Masterpresentasjon: Øystein Håvard Færder: On how the heating of the Solar Corona depends on the complexity of the magnetic field in the Solar Photosphere

Abstract

The solar corona has a temperature of order 1 MK, which is almost 200 times the temperature of the underlying surface. This fact has puzzled solar physicists for more than six decades. As of today, most solar physicists agree that the mechanism that heats the corona is connected to the dynamics of the magnetic fields in the photosphere. The question is: how does the coronal heating depend on the photospheric magnetic fields? That is the problem which this thesis focuses on.

Before investigating the problem, an introduction to the Sun is given, reviewing everything from the basics of a general star to the structure of the entire Sun, going through each layer, with focus on the atmosphere.

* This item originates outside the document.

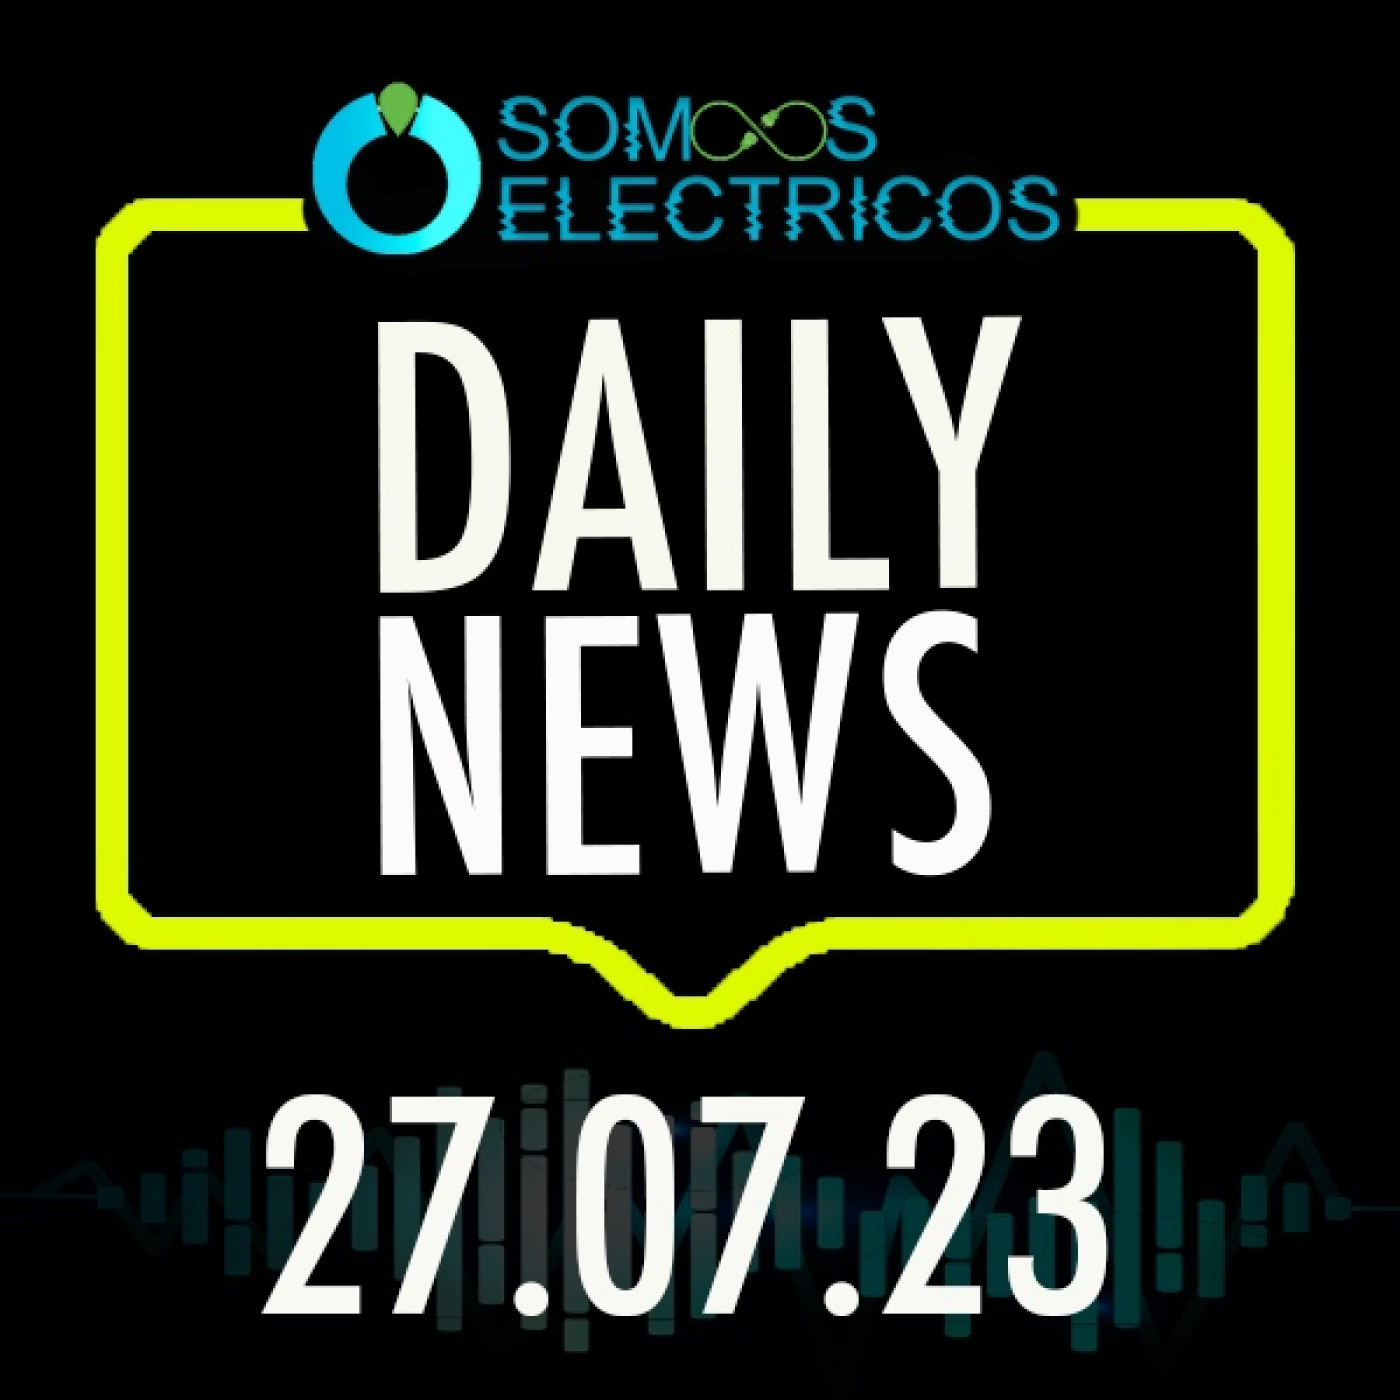 Las ventas de COCHES ELÉCTRICOS ya SUPERA a los COCHES DIÉSEL en EUROPA | EP110| 27/07/2023
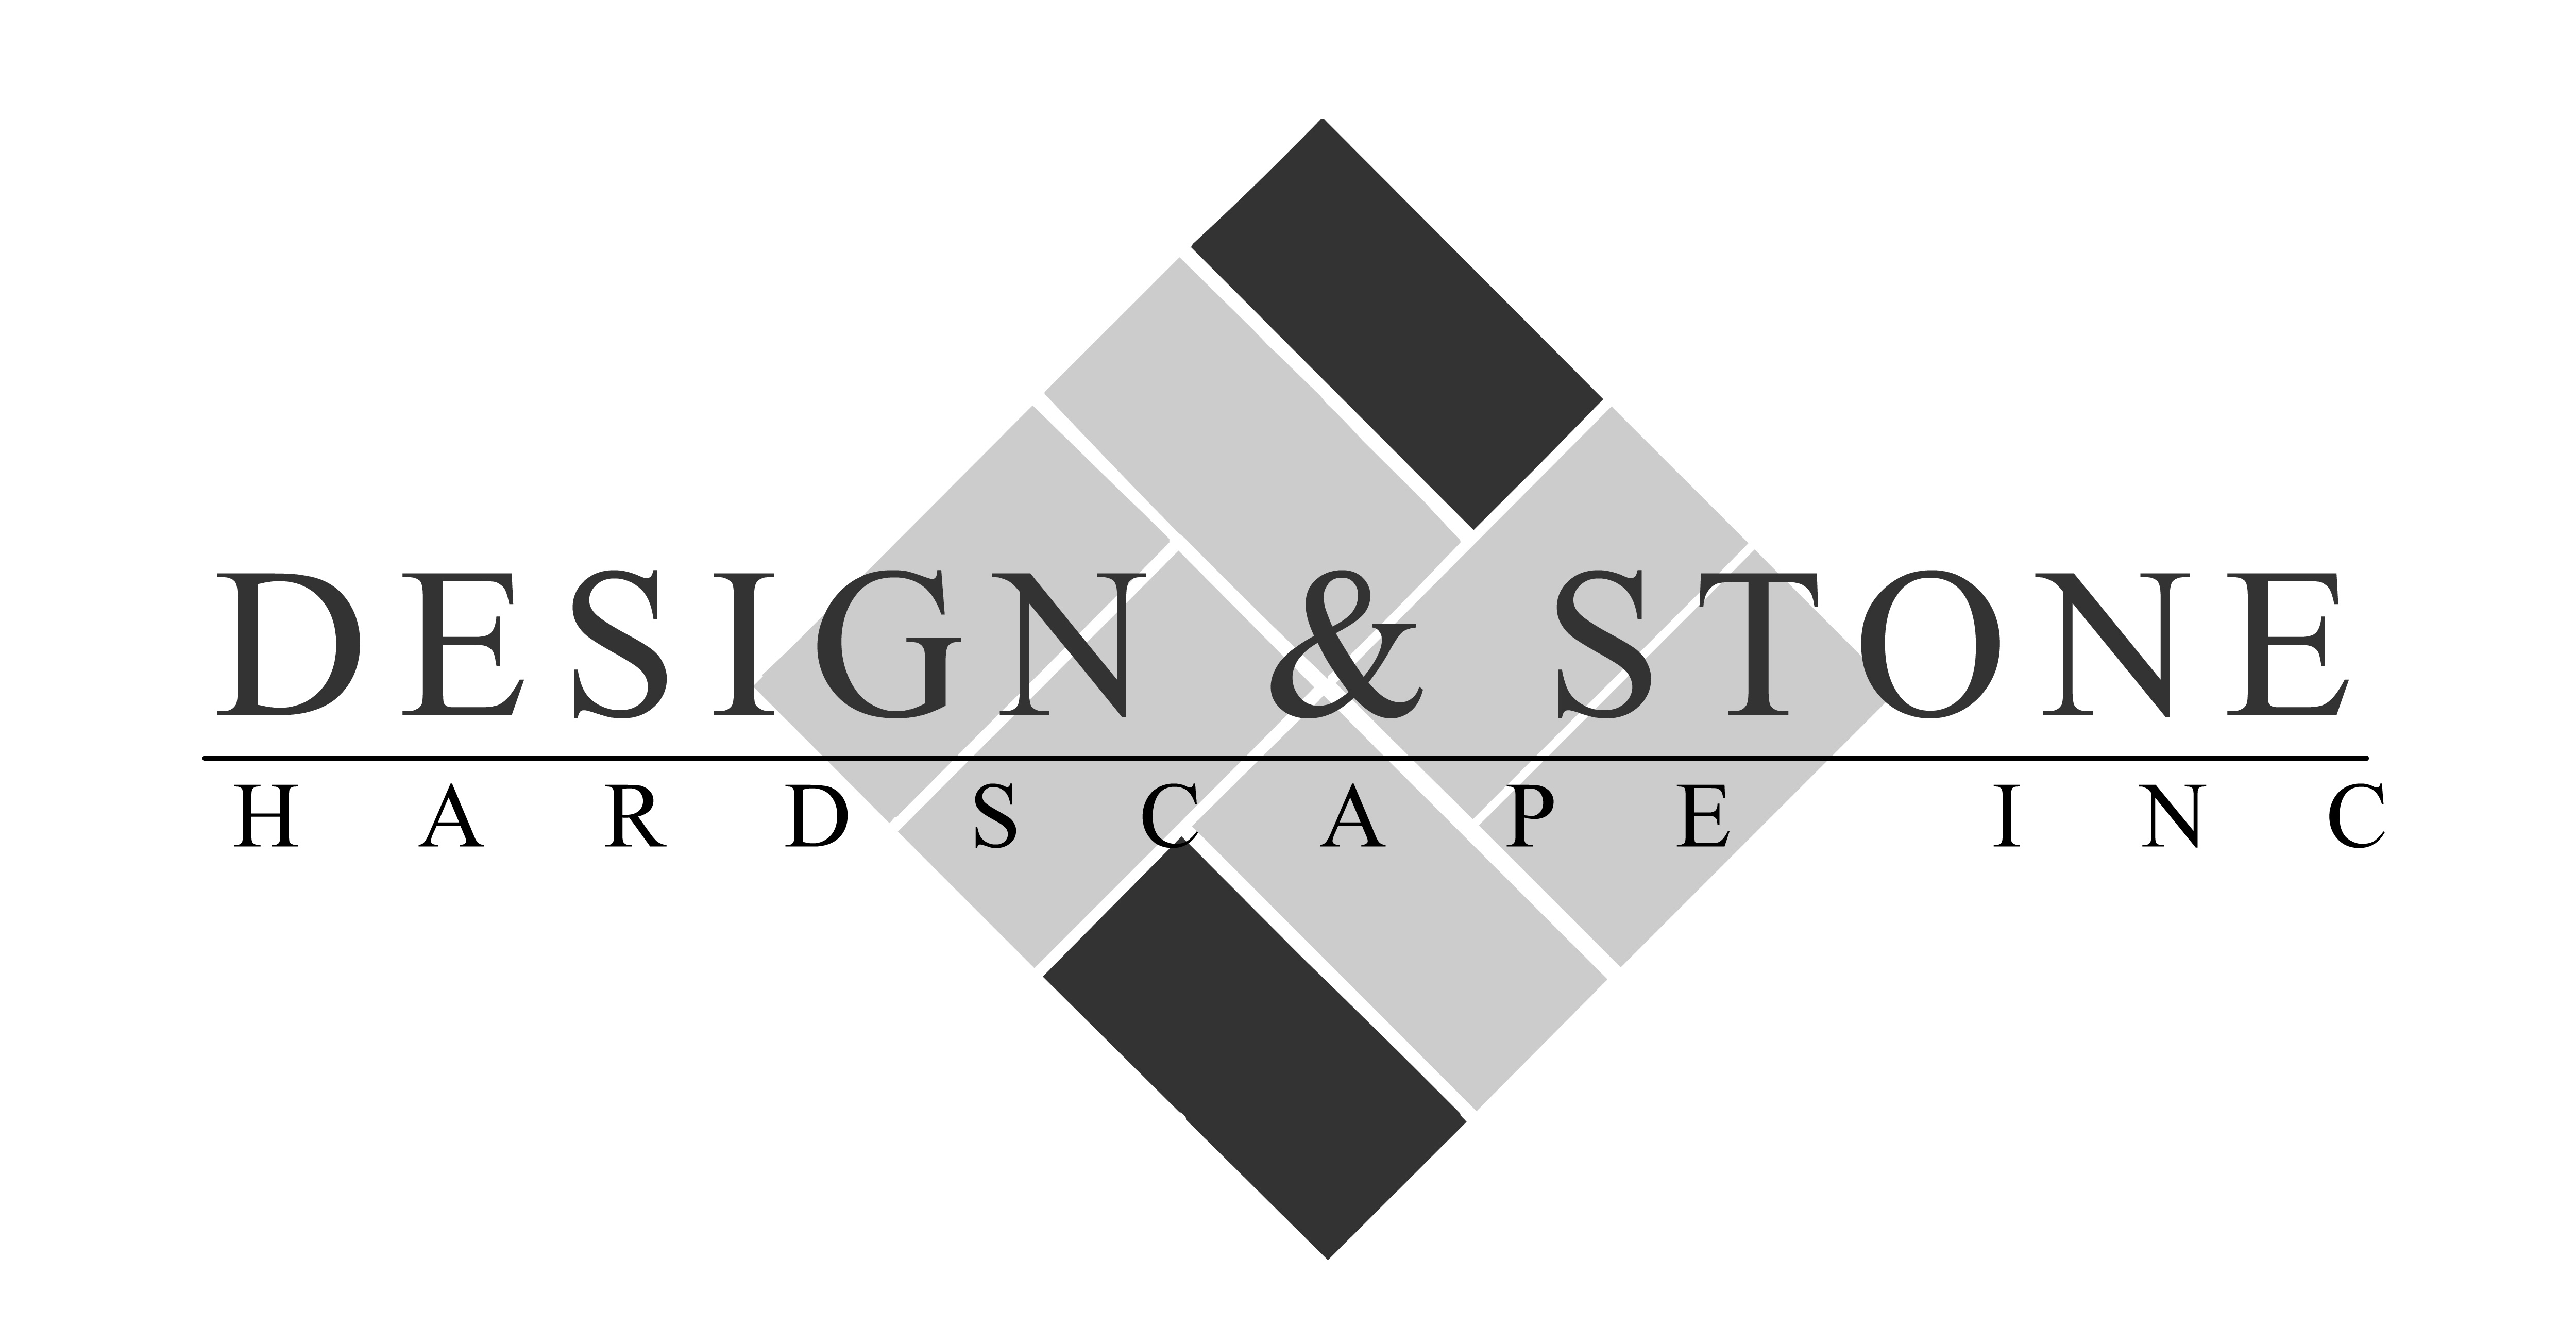 Design & Stone Hardscape Inc's logo

Finally, the corona is brought into discussion, which leads us to the coronal heating problem. Two plausible heating mechanisms are discussed, both related to the generation of current sheets: 1) the stressing of a magnetic field which collapses into tiny current sheets (width of order 10 m) which eventually burst out as a nanoflare, a mechanism introduced by Parker (1988), and 2) a hierarchy of current sheets, analyzed by Galsgaard & Nordlund (1996), which also includes large-scale current sheets (width of several megameters) not related to nanoflares. Both mechanisms are actively referred to in the later chapters of this thesis.

To analyze the problem, the numerical code Bifrost is applied to solve the MHD equations on three-dimensional cutouts of the quiet-Sun (QS) atmosphere. Five theoretical models with different magnetic field configurations are evolved over time intervals of 30-80 min of solar time, and the resulting coronal temperatures and amounts of Joule heating (ohmic heating) in each model are analyzed, compared to each other and compared to the corresponding results of a standard model evolved by Hansteen et al. (2010).

The results confirms that both the tiny current sheets related to nanoflares and the hierarchy of largescale current sheets are plausible mechanisms for coronal heating. It is plausible that the magnetic field structure in the QS photosphere is in the form of a "salt-pepper" pattern with poles of upwardand downward-oriented fields. The simulations indicate that the coronal heating increases with the typical separation distance between magnetic poles in the photosphere, at least when this separation distance is shorter than 6-7 Mm (which is approximately the numerical upper limit for typical separation distances in the models evolved in this thesis). This is probably because an increased mean separation distance between magnetic poles allows a more complex hierarchy of current sheets to evolve. It is also confirmed that an atmosphere of homogeneous vertical magnetic fields does not produce the high temperatures observed in the corona above unipolar regions such as plage.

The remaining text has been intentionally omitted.